- Born: November 11, 1918 Zuni Pueblo, New Mexico
- Died: May 1974 (aged 55) Taos, New Mexico
- Known for: gouache watercolor painting
- Spouse: Peggy Mirabel

= Percy Tsisete Sandy =

American (Zuni) artist

Percy Tsisete Sandy (1918–1974) was a Zuni artist. His native name was Kai-Sa (Red Moon); he is also known as Percy Sandy Tsisete. His paintings were signed with the name Kai-Sa.

==Education==
Kai-Sa was born on the Zuni Pueblo in Northern New Mexico. He began painting in his youth while attending Zuni Day School. Later he enrolled in art programs in Albuquerque, and at the Sherman Institute in Riverside, California, and the Santa Fe Indian School in Santa Fe.

==Biography==

Kai-Sa married Peggy Mirabel. The two moved to Taos as Mirabel was from Taos Pueblo. They had three sons and a daughter.

After moving to Taos, Kai-Sa met Helene Wurlitzer, a philanthropist who supported the work of numerous artists in New Mexico.
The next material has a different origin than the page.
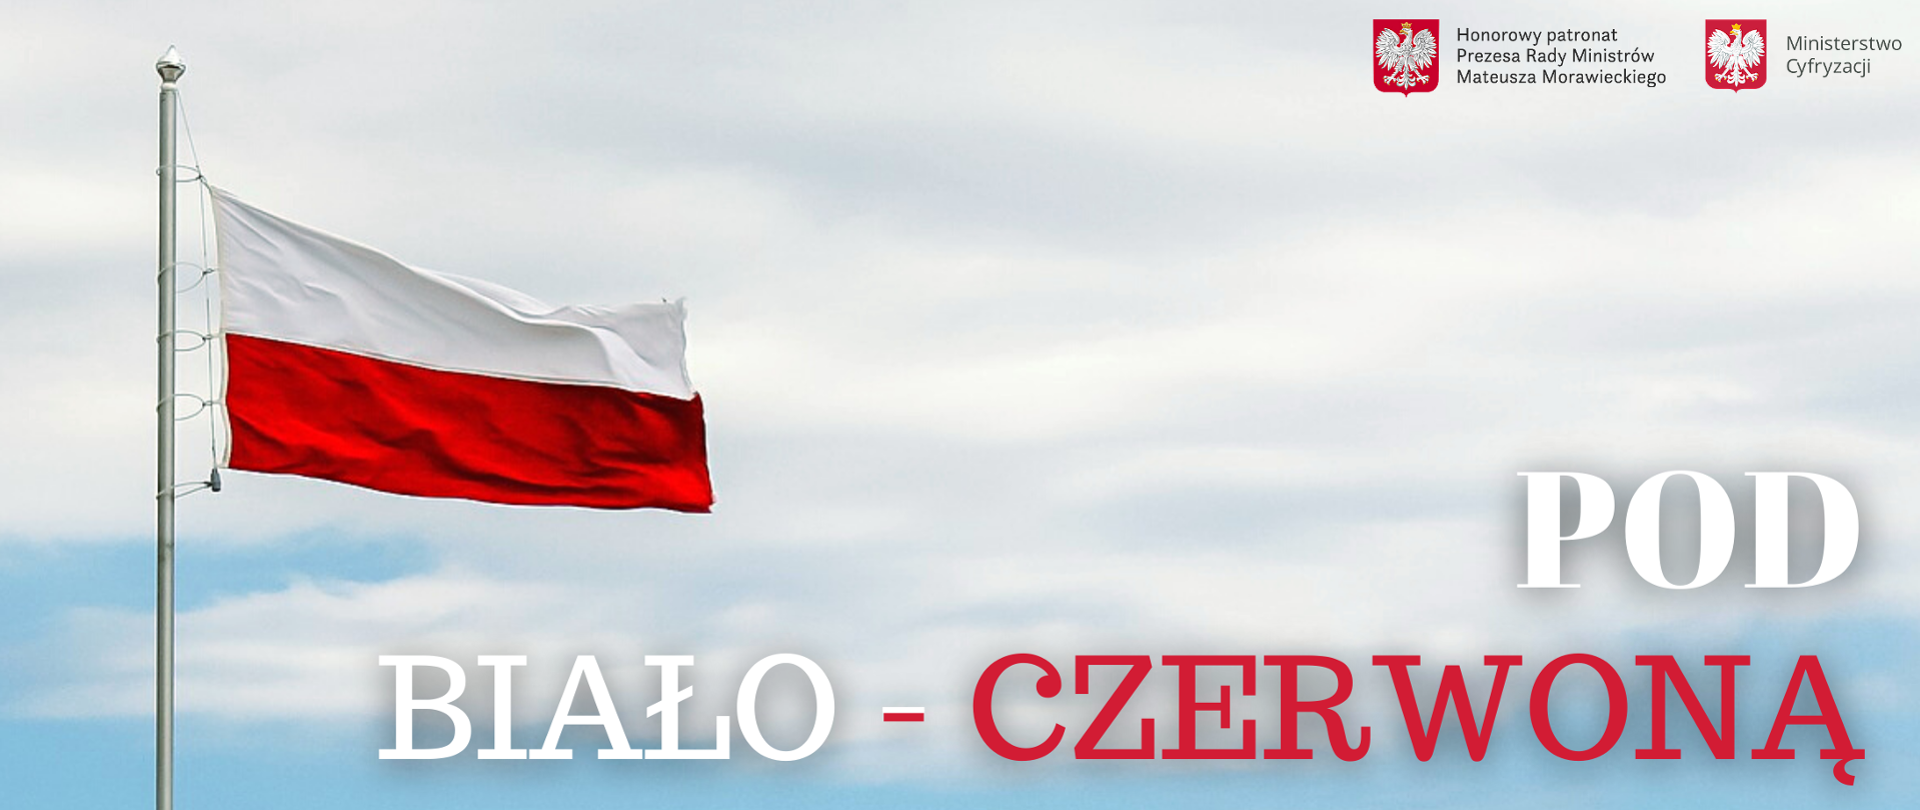 Flaga Polski na tle nieba, a obok napis "Pod biało-czerwoną"

After having his family over for dinner, she made a commitment to fund his art practice by establishing a credit account for him at a local art supply store. In 1955 he received a fellowship grant from Wurlitzer's foundation.

The primary subject matter of his paintings were ceremonial rituals within Native communities, including Zuni, Taos, Apache and Navajo cultures. He is known for his watercolor and gouache paintings of Kachina entities and dancers, and for his murals at the La Fonda Hotel in Taos, New Mexico, and at the Black Rock School and Black Rock Hospital in New Mexico.

Kai-Sa described his intentions as an artist in 1940, "As an Indian artist, I hope to be instrumental in artistically and authentically depicting the customs of my people." His works revealing ceremonial rituals of the Zuni (of which he was a tribal member), caused friction among members of the pueblo.

Kai-Sa was seriously injured in an accident in 1959, which periodically impaired his ability to paint, although he continued to exhibit his work.

==Collections==
Their work is held in the permanent collections of the Delaware Art Museum, the Gilcrease Museum, the Smithsonian Museum the Minneapolis Institute of Art. Other collections include the Heard Museum, the Museum of New Mexico, the Philbrook Art Center in Tulsa, Oklahoma, and the Indian Arts and Crafts Board the United Pueblo Agency of New Mexico, and the Museum of Northern Arizona.